◆ Task to carry out
Restate the data below word for word. Skip any images it contains.

◆ Supplied information
▬▬▬▬▬▬▬▬▬▬

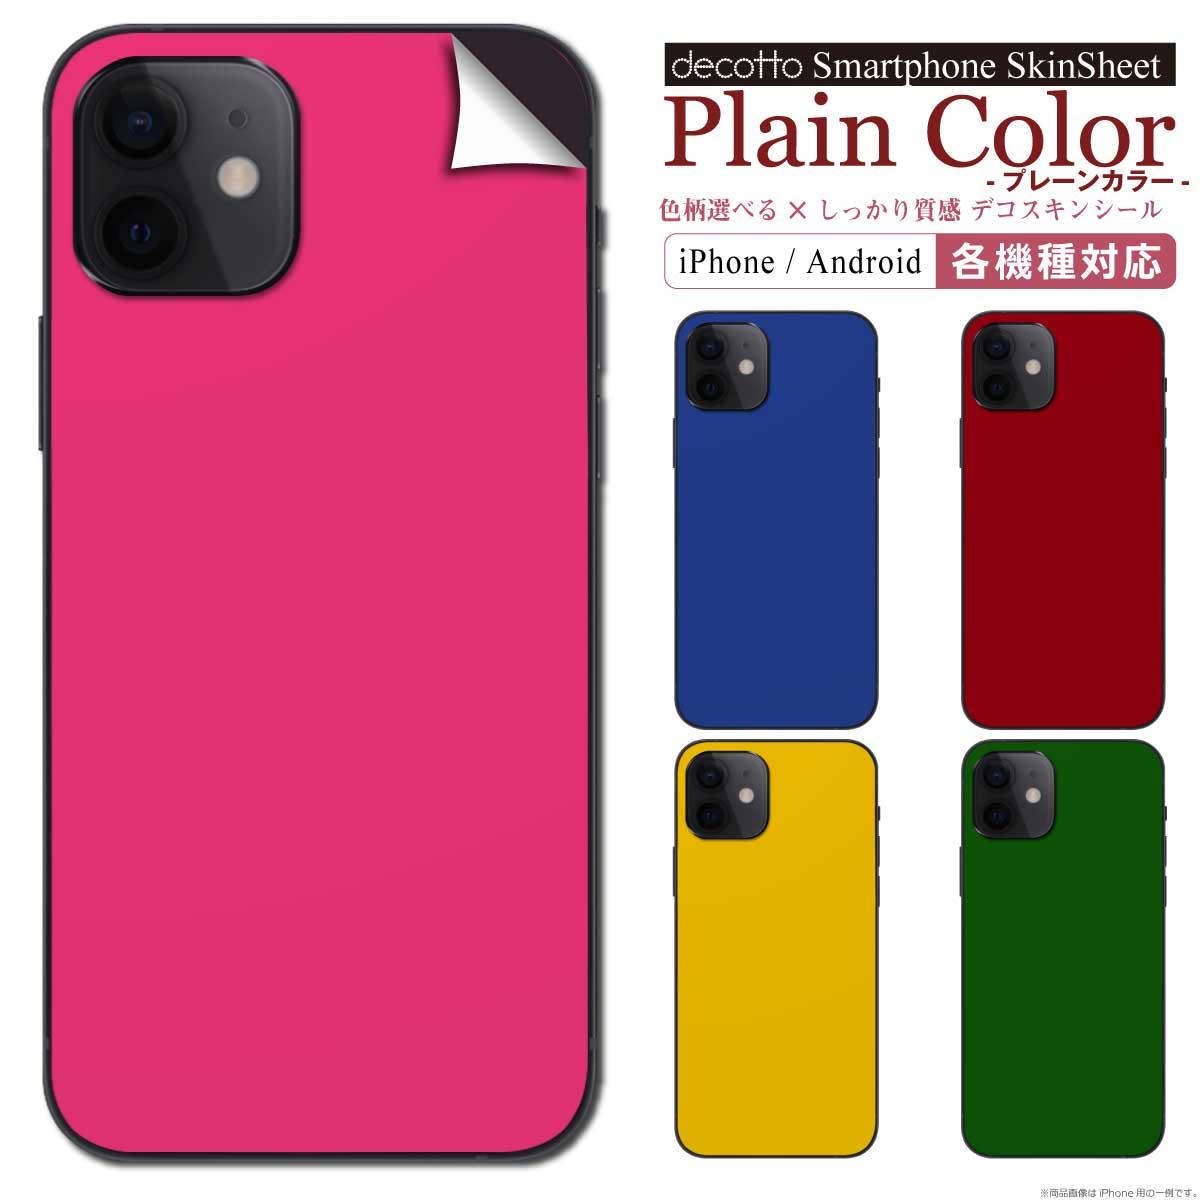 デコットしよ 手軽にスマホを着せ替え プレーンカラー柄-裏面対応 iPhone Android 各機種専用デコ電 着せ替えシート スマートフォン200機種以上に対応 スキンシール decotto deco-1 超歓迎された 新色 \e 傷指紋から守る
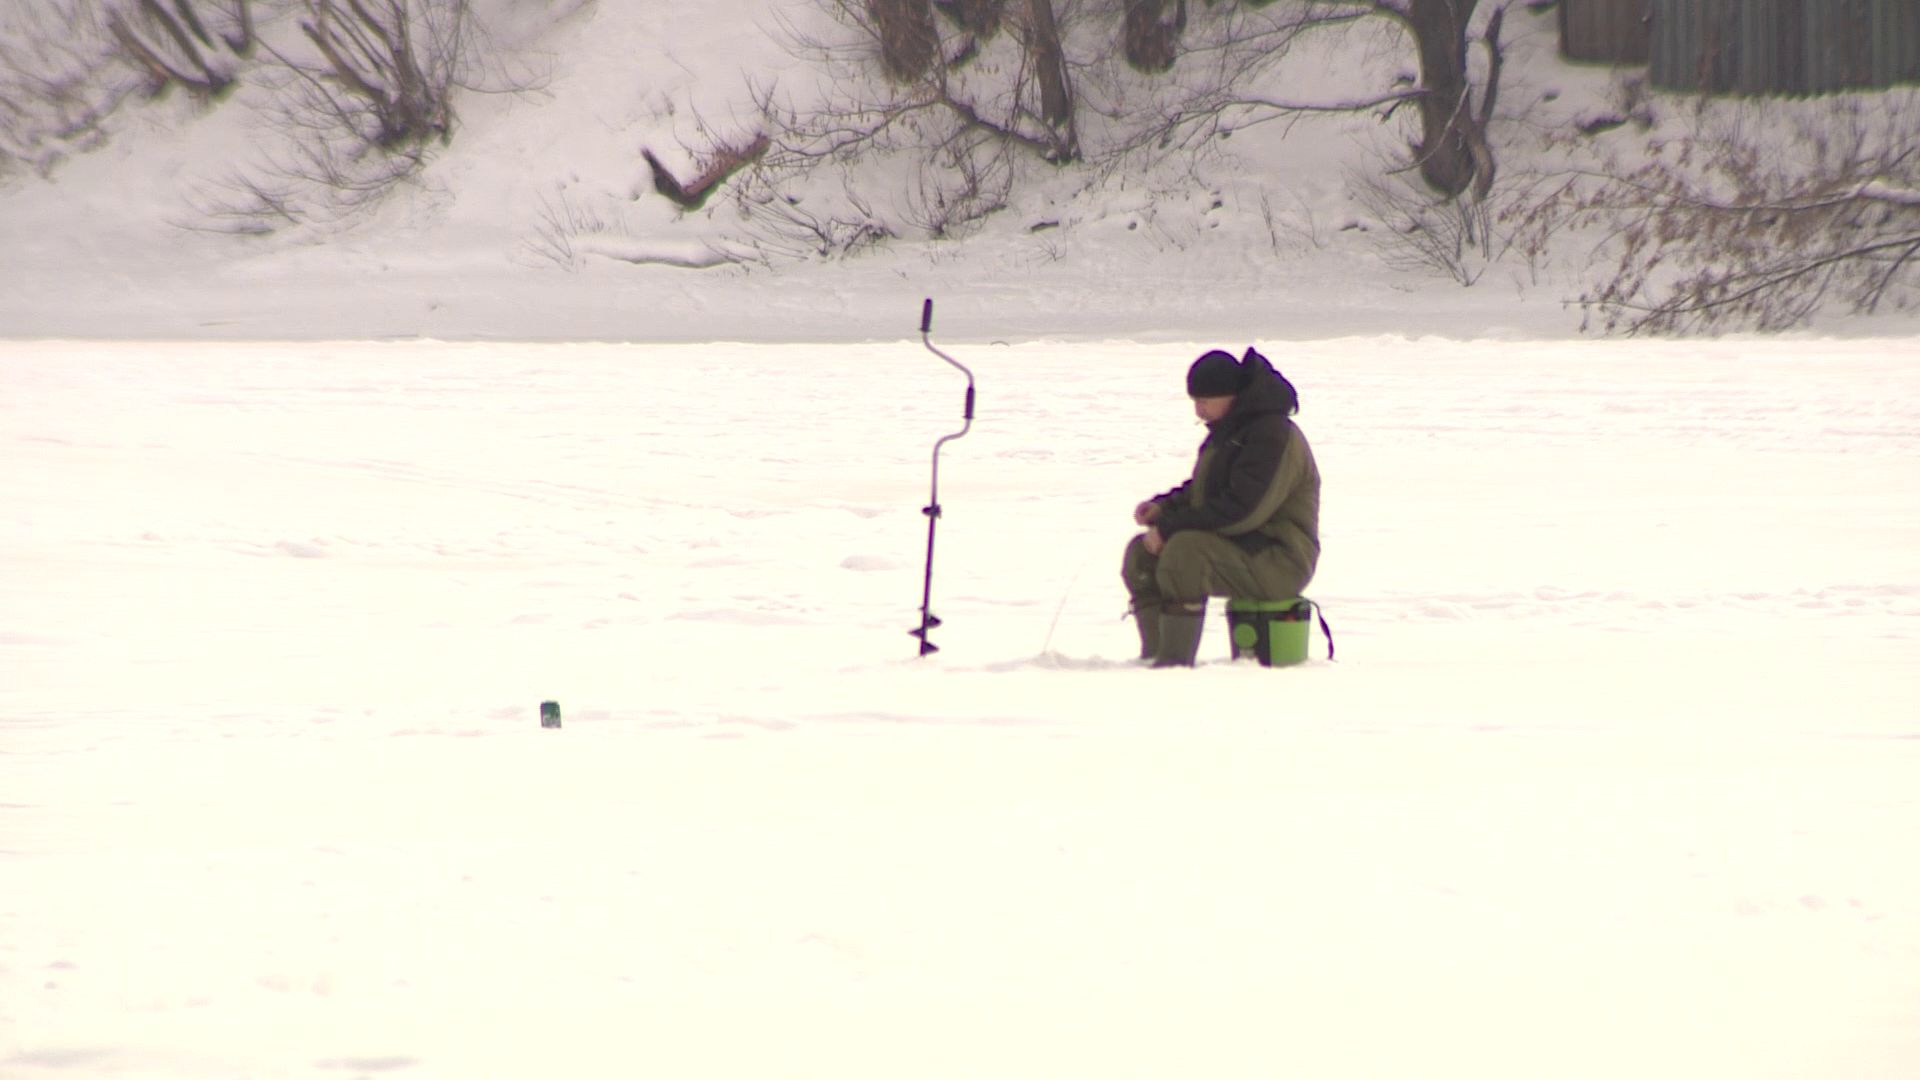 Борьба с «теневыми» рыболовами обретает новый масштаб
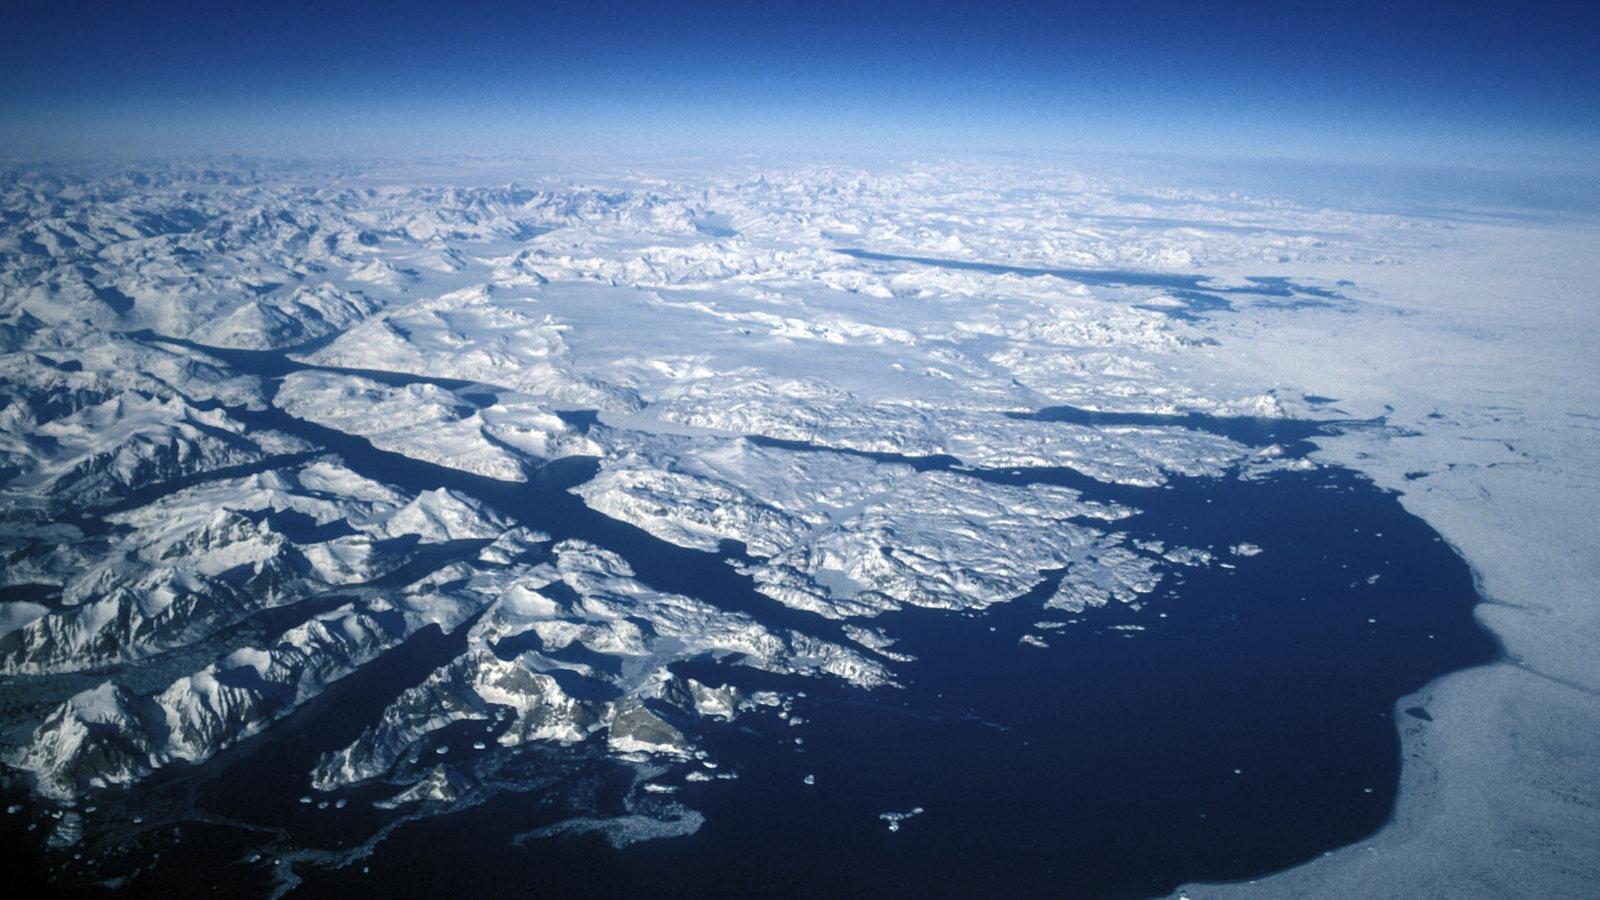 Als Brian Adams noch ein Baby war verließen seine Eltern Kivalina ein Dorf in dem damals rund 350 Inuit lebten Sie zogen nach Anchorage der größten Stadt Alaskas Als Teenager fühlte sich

▬▬▬▬▬▬▬▬▬▬

◆ Written answer
 デコットしよ 手軽にスマホを着せ替え プレーンカラー柄-裏面対応 iPhone Android 各機種専用デコ電 着せ替えシート スマートフォン200機種以上に対応 スキンシール decotto deco-1 超歓迎された 新色 \e 傷指紋から守る
 Борьба с «теневыми» рыболовами обретает новый масштаб
 Als Brian Adams noch ein Baby war verließen seine Eltern Kivalina ein Dorf in dem damals rund 350 Inuit lebten Sie zogen nach Anchorage der größten Stadt Alaskas Als Teenager fühlte sich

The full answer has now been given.